One expert, Dr. Bruce Jacob of the University of Maryland, received $208,900 to testify about alternative technologies the memory industry — specifically manufacturers of DRAM — should have adopted in the 1990s instead of the Rambus designs. Judge McGuire said Jacob was “not persuasive,” because he, um, lacked expertise in memory design:
Professor Jacob had never done DRAM circuit design. Indeed, Professor Jacob had never designed any circuits for computer chips (even apart from DRAMs) that were to be fabricated prior to 2002. Aside from reviewing some DRAM data sheets, Professor Jacob, who was a student at the time, had no particular DRAM-related experience in the mid-1990s. Professor Jacob did not obtain his graduate degree and begin to teach electrical engineering until 1997
A second expert, economist R. Preston McAfee, received $573,000 to detail the alternate universe that would have existed if the DRAM industry had adopted non-Rambus technologies. Like most “expert” economics testimony, McAfee was compelled to work backwards from the FTC’s conclusions. As with Dr. Jacob, Judge McGuire found McAfee’s testimony “not persuasive.” Among the problems was Dr. McAfee’s conclusion that there were “equal or superior technologies” that the DRAM industry should have adopted; Judge McGuire said this analysis was “flawed,” because Dr. McAfee “did not quantify” any cost, performance, or future flexibility differences between Rambus and non-Rambus technologies.
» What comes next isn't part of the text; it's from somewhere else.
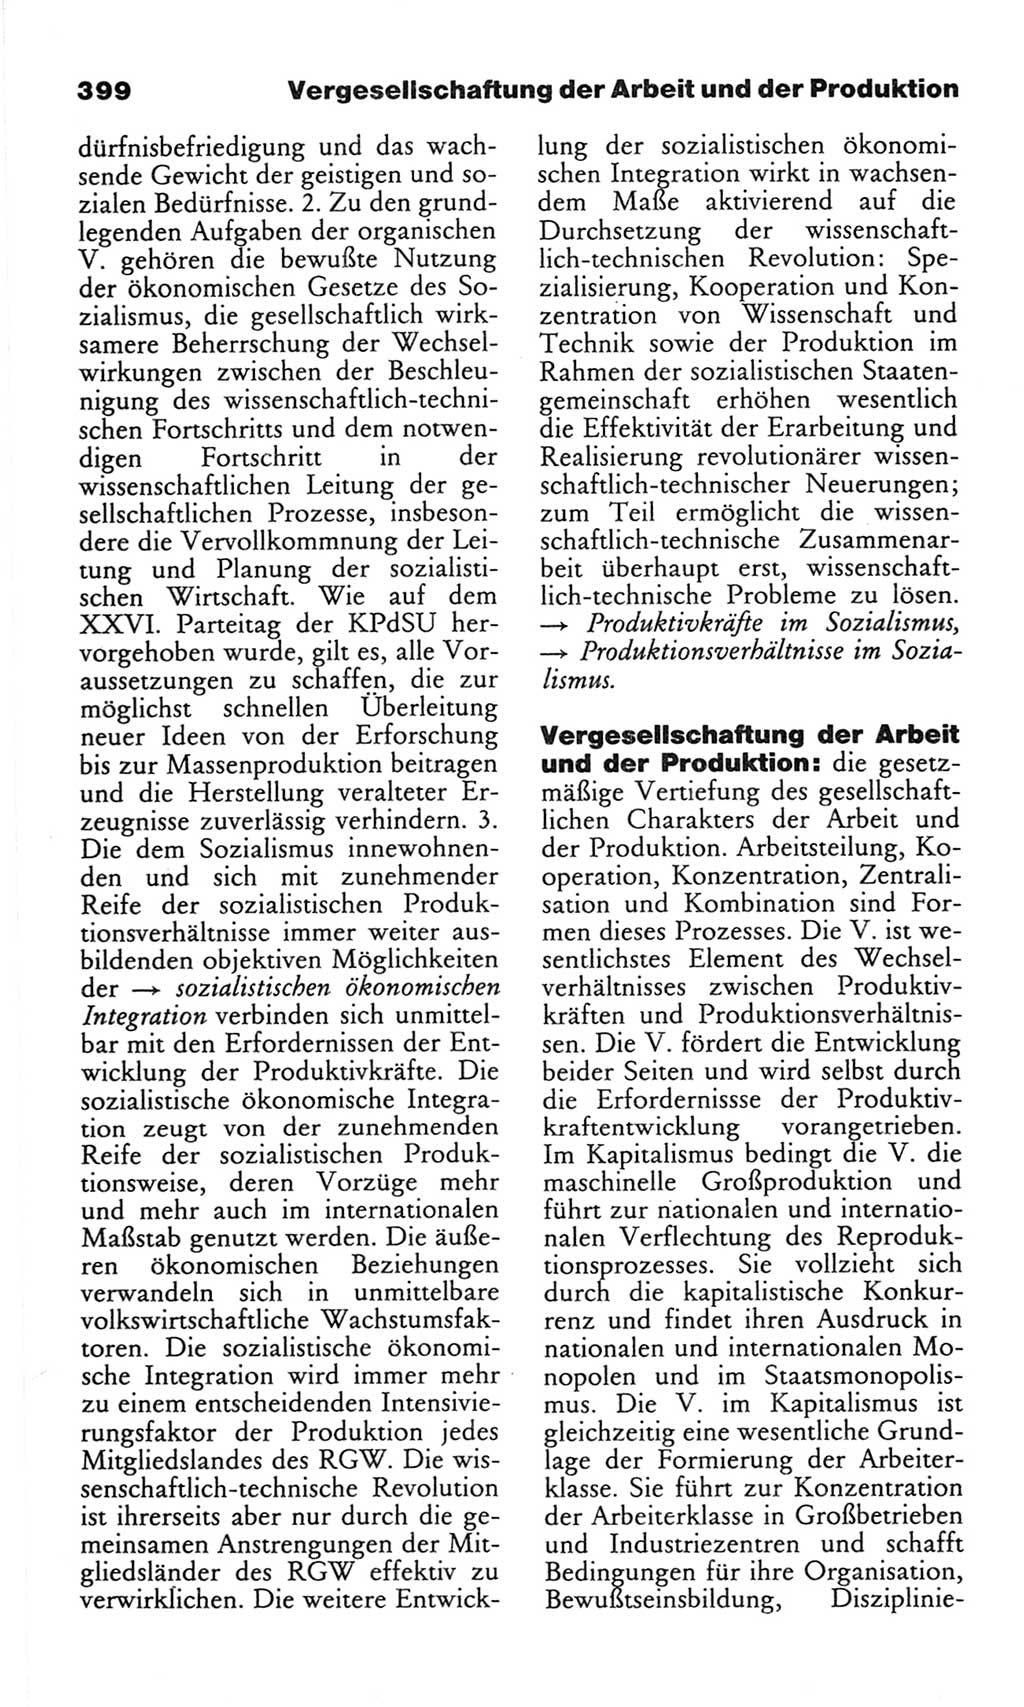 Wörterbuch des wissenschaftlichen Kommunismus [Deutsche Demokratische Republik (DDR)] 1982, Seite 399 (Wb. wiss. Komm. DDR 1982, S. 399)

Overall, the FTC’s attempt to retroactively create an alternate DRAM universe demonstrated an appalling mix of arrogance and ignorance. Judge McGuire issued his initial decision dismissing the case in February 2004. The FTC then took three years to review, reverse, and rewrite the decision in favor of the Commission’s position; this was followed by another two years of review by the federal appellate courts, which ultimately reversed the Commission and reinstated McGuire’s original decision. The FTC, however, never wavered from its view that it knew best, even after conceding defeat in the courts.
You can condemn the FTC’s petulance, but it’s more important to understand where it comes from. These people sat at their desks for 20 years, obtained that all-important schooling credential, “worked” as lawyers (or academics) in a field where they could fabricate any theory they wanted without any regard for economics or empirical data, and ultimately found themselves rewarded with a government title, salary, benefits, and staff. What do you think the consequences of such a system are?
*The current five commissioners include two career government attorneys, two career antitrust litigators, and a law professor who consulted foreign governments on antitrust policy.